**Exercise data**:

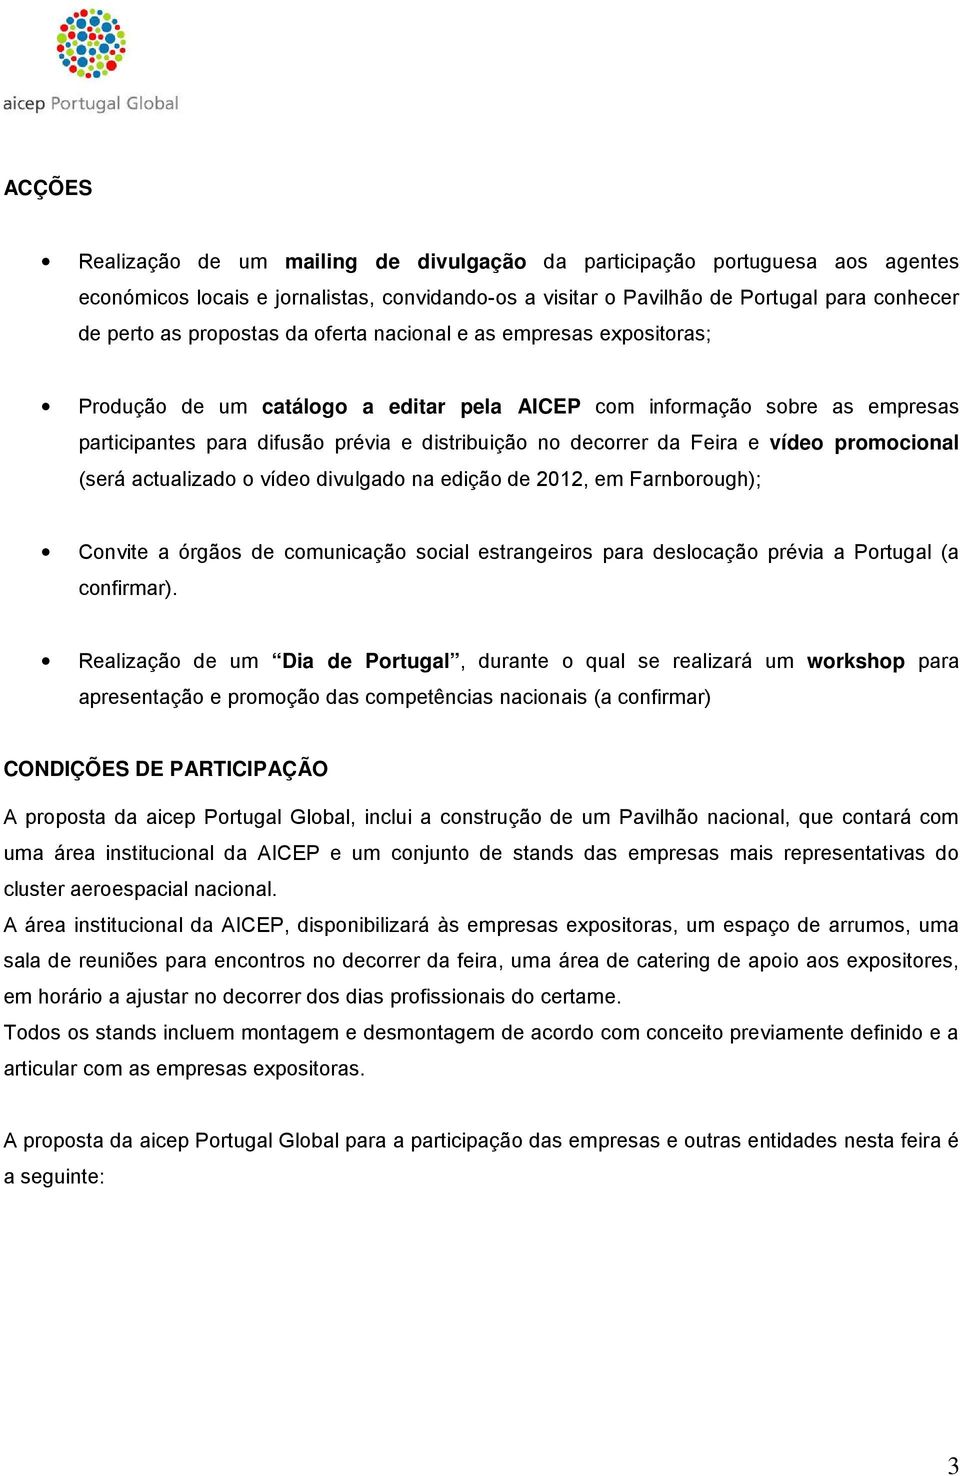 Feira e vídeo promocional (será actualizado o vídeo divulgado na edição de 2012, em Farnborough); Convite a órgãos de comunicação social estrangeiros para deslocação prévia a Portugal (a confirmar).
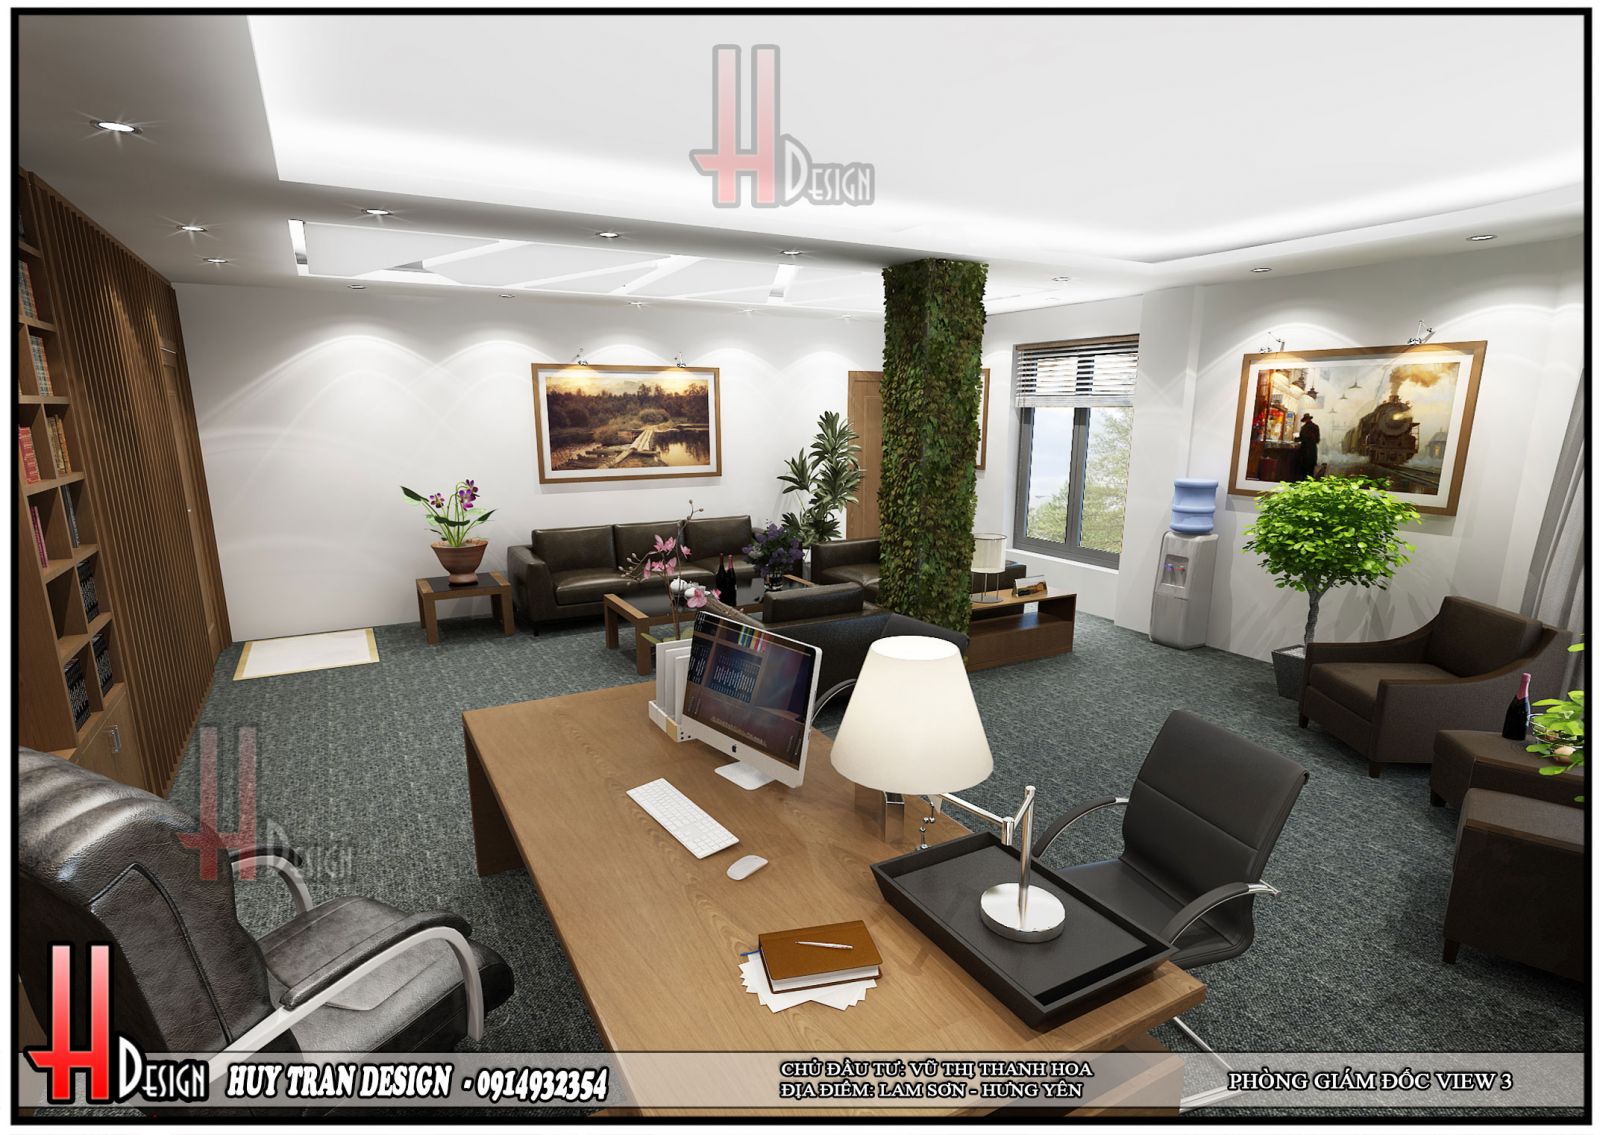 Phối cảnh thiết kế nội thất hiện đại văn phòng làm việc 5 tầng - Huytrandesign tư vấn, thiết kế, thi công, sửa chữa nhà cửa, biệt thự, văn phòng, cơ sở kinh doanh-v3
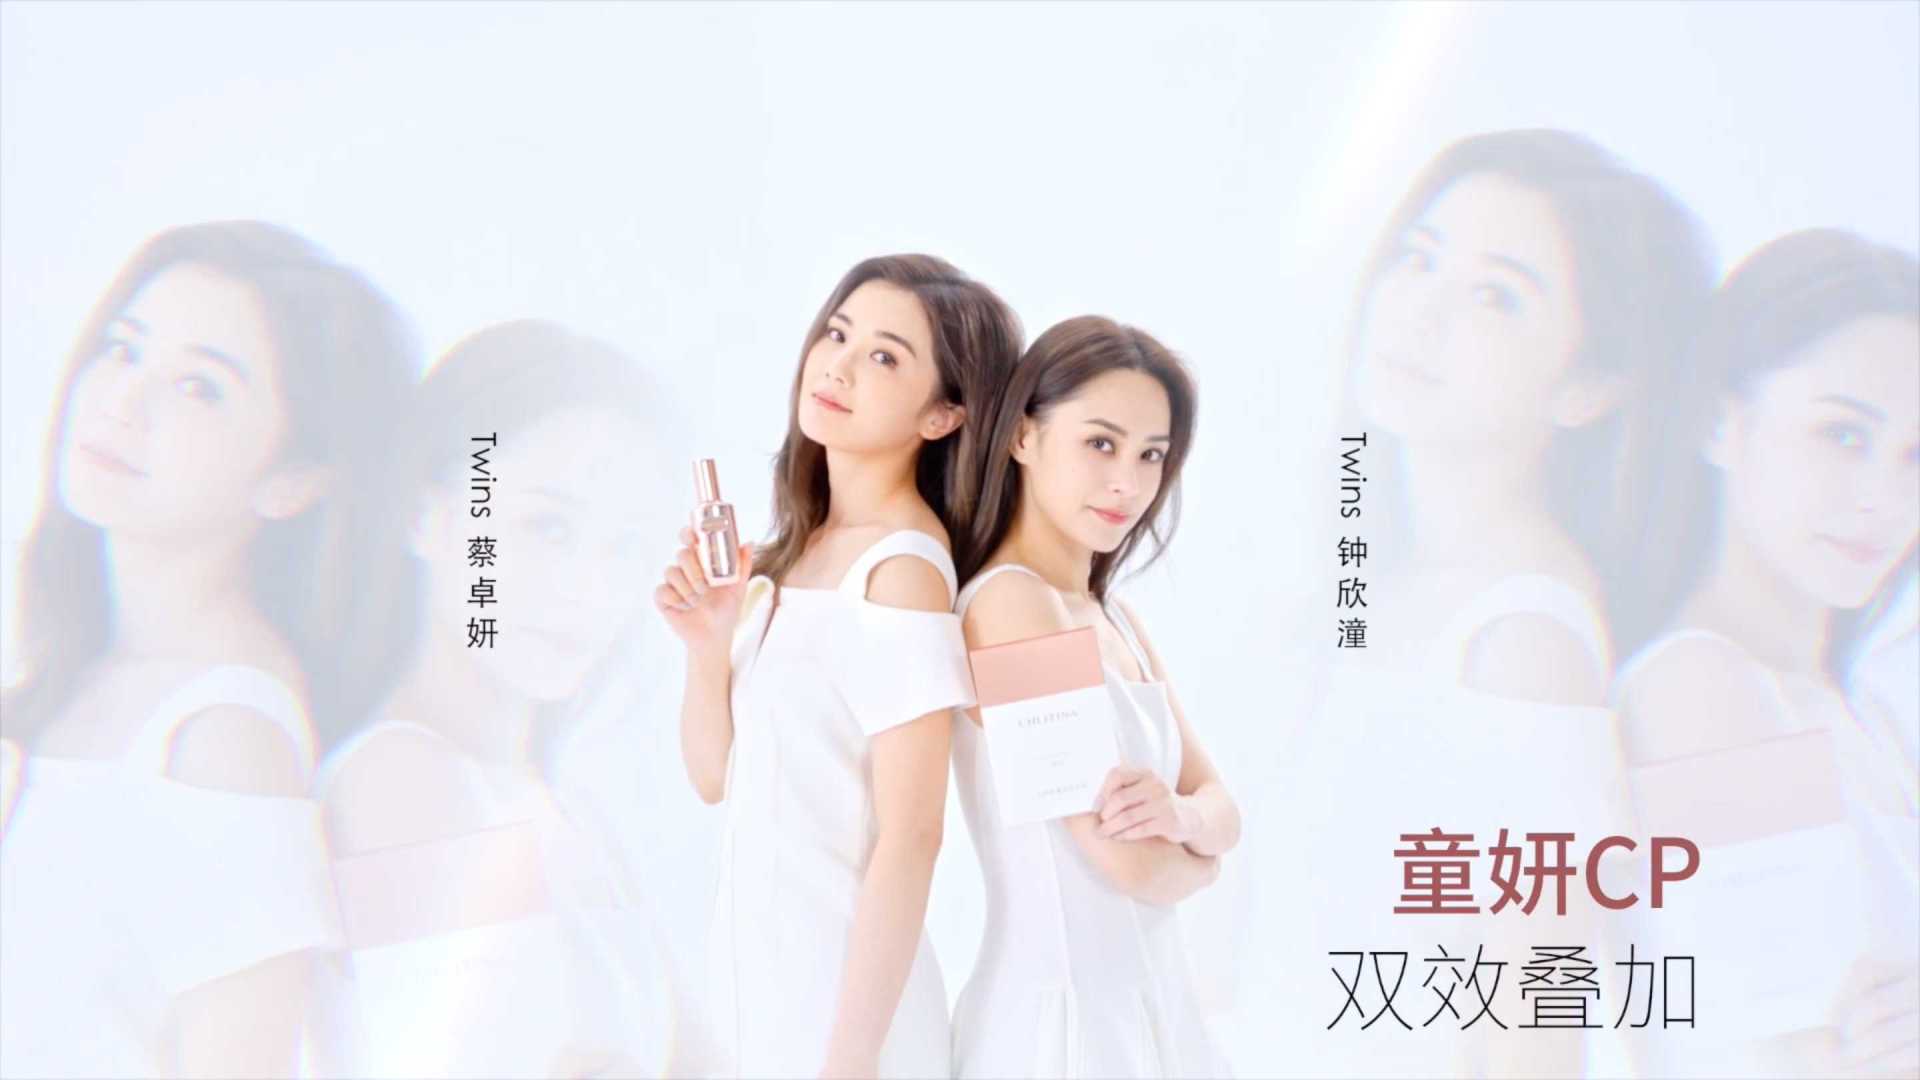 克丽缇娜 x Twins #童妍CP#-广告美妆时尚视频-新片场

**What is needed**: The whole listing above is to be repeated exactly, apart from its pictures.

**Solution to this exercise**:
 Feira e vídeo promocional (será actualizado o vídeo divulgado na edição de 2012, em Farnborough); Convite a órgãos de comunicação social estrangeiros para deslocação prévia a Portugal (a confirmar).
 Phối cảnh thiết kế nội thất hiện đại văn phòng làm việc 5 tầng - Huytrandesign tư vấn, thiết kế, thi công, sửa chữa nhà cửa, biệt thự, văn phòng, cơ sở kinh doanh-v3
 克丽缇娜 x Twins #童妍CP#-广告美妆时尚视频-新片场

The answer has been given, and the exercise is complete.